DE4419550A1 - Video camera with phototropic glass regulating amt. of light reaching photosensitive layer - Google Patents

Abstract

The quantity of light incident on the photosensitive layer (3) is regulated and can be measured by a sensor element (2). A single or a pair of phototropic glasses (6,8) can be used and located in a part of the incident beam path between the field of view (5) and the image plane (7) of the taking lens (1).

Description

The invention relates to a camera, in particular a video camera ra, consisting of a lens, at least one sensor element ment with a light - sensitive layer in the image plane of the Lens and a device for regulating the light sensitive layer impinging amount of light.

In conventional video cameras, the is controlled on the amount of light incident on the photosensitive layer usually by exposure time control (shutter control tion) and an aperture control. By coupling this two control systems can be reached that the camera over a wide range of different lighting conditions sen, for example both at dusk and at full Sunshine, can be used.

The object of the invention is to provide a camera with a simple constructed and inexpensive to manufacture device for To create light quantity control. In particular is indicated strives that with this device an aperture control, such as it is required with conventional cameras, either can be omitted or at least only in simplified and cost-effective execution is therefore required.

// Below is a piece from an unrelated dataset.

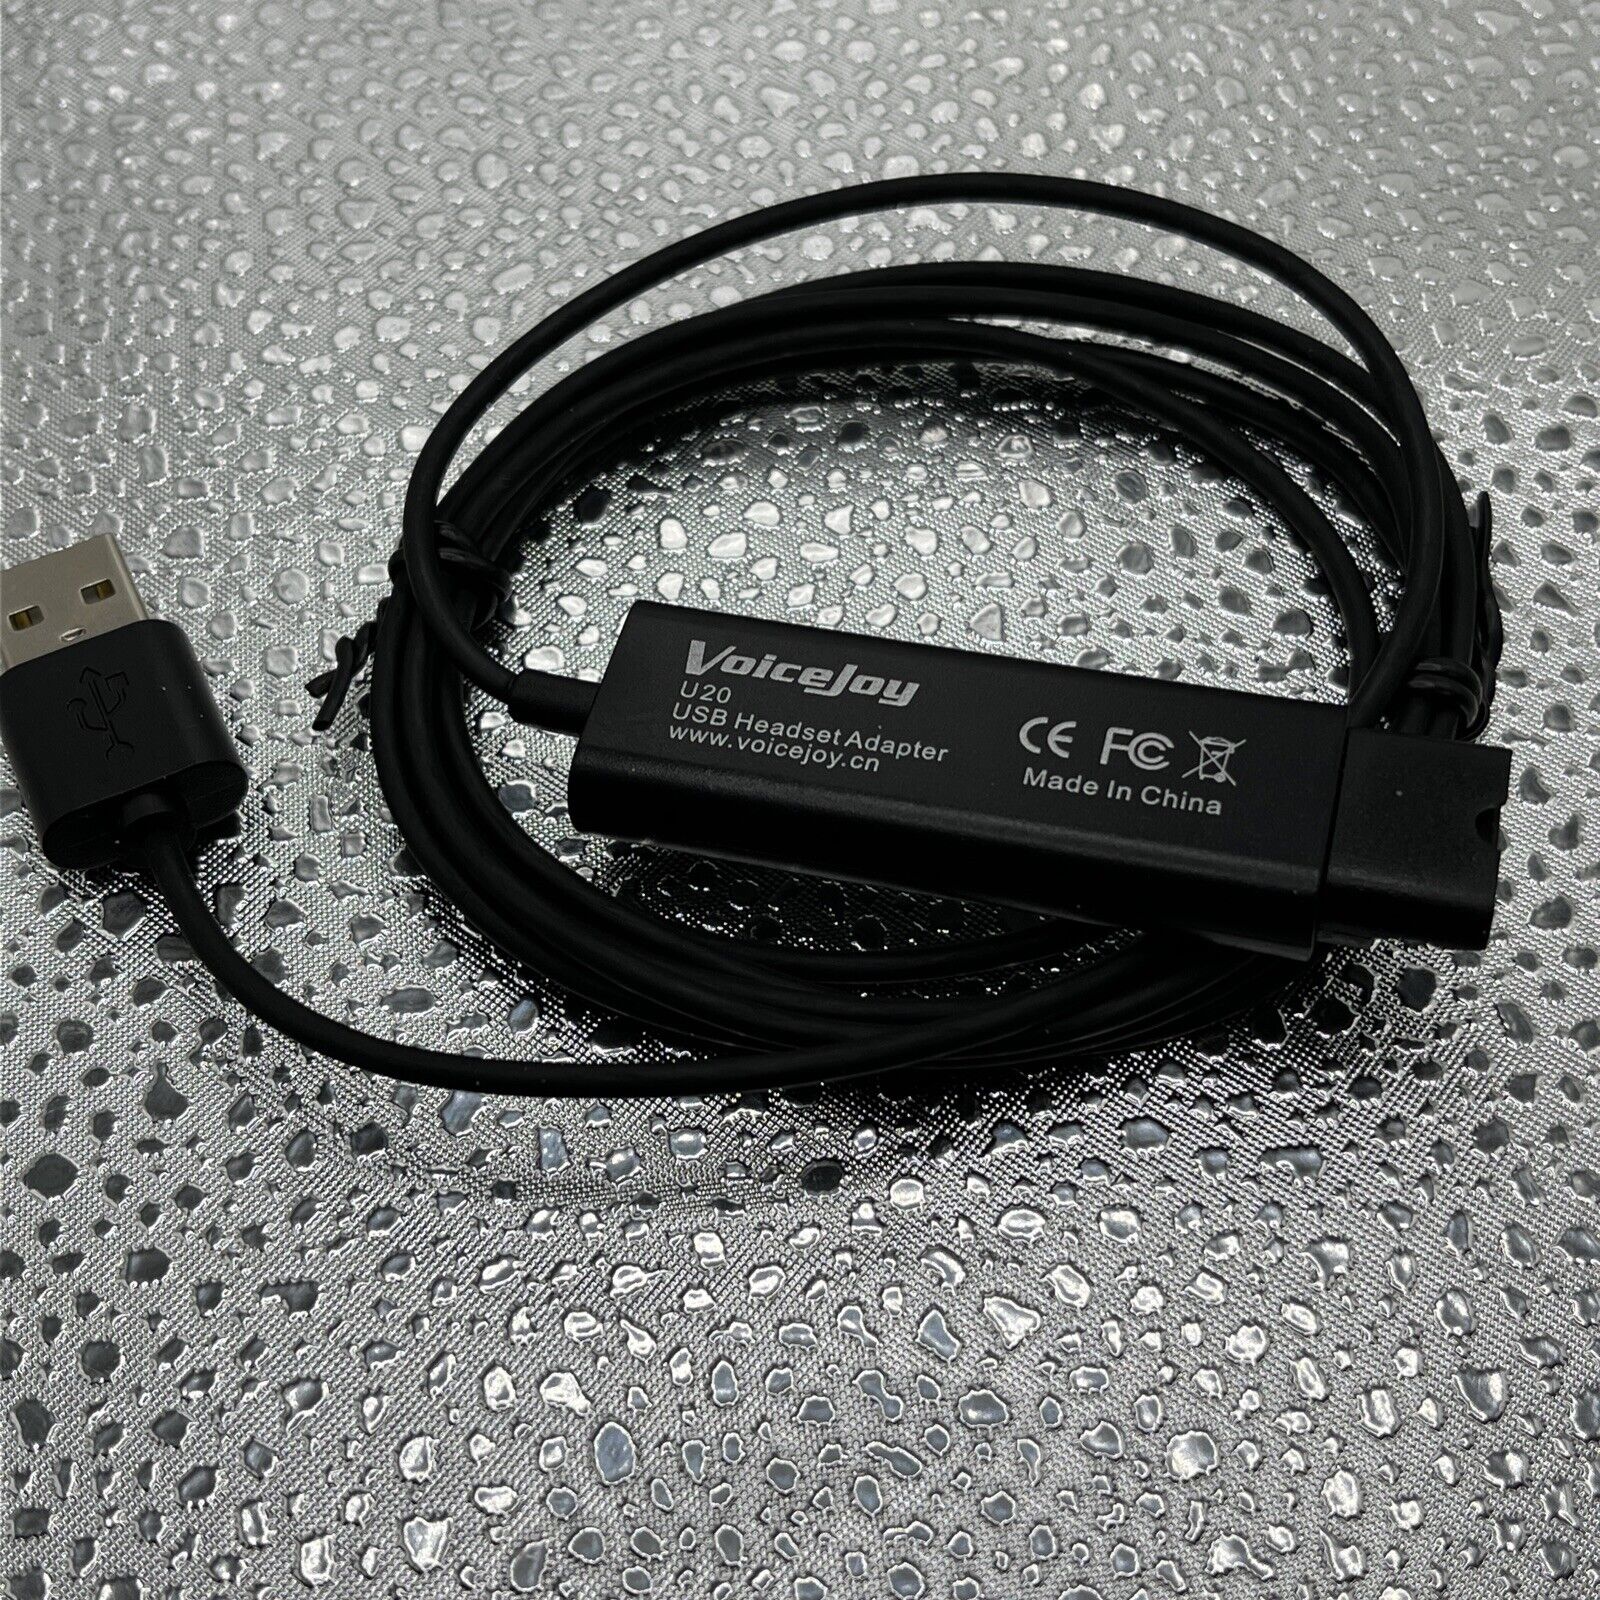 VoiceJoy u20 USB quick disconnect QD Cable Adapter mute volume plantronics

To solve the problem it is provided that the device to control the amount of light at least one phototropic glass comprises, at least in a part of the beam path between field of view and image plane of the lens is.

Phototropic glasses show less light when exposed permeability than in the unexposed state and are on because of this property already as glasses for sunglasses len, which automatically adjusts the ambient light level adjust circumstances. The invention provides such phototropic lenses for exposure control in a camera  to use. This enables the conventional rule setup of such a camera easier and cost to make it cheaper or, in the best case, complete save.

The light quantity control is expressed in aperture steps rich in stationary cameras like those used in outdoor areas Fixed installations or apartments for surveillance purposes are about 1 to 360. This control range is defined by a shutter control that controls the aperture steps from 4 to 22 detected, and by an aperture control, the rest Control range monitored, implemented. When using the he phototropic glasses according to the invention provided in the light path it is possible with such stationary cameras, the aperture control and save the entire exposure control solely through the shutter control and the phototropic glasses perform.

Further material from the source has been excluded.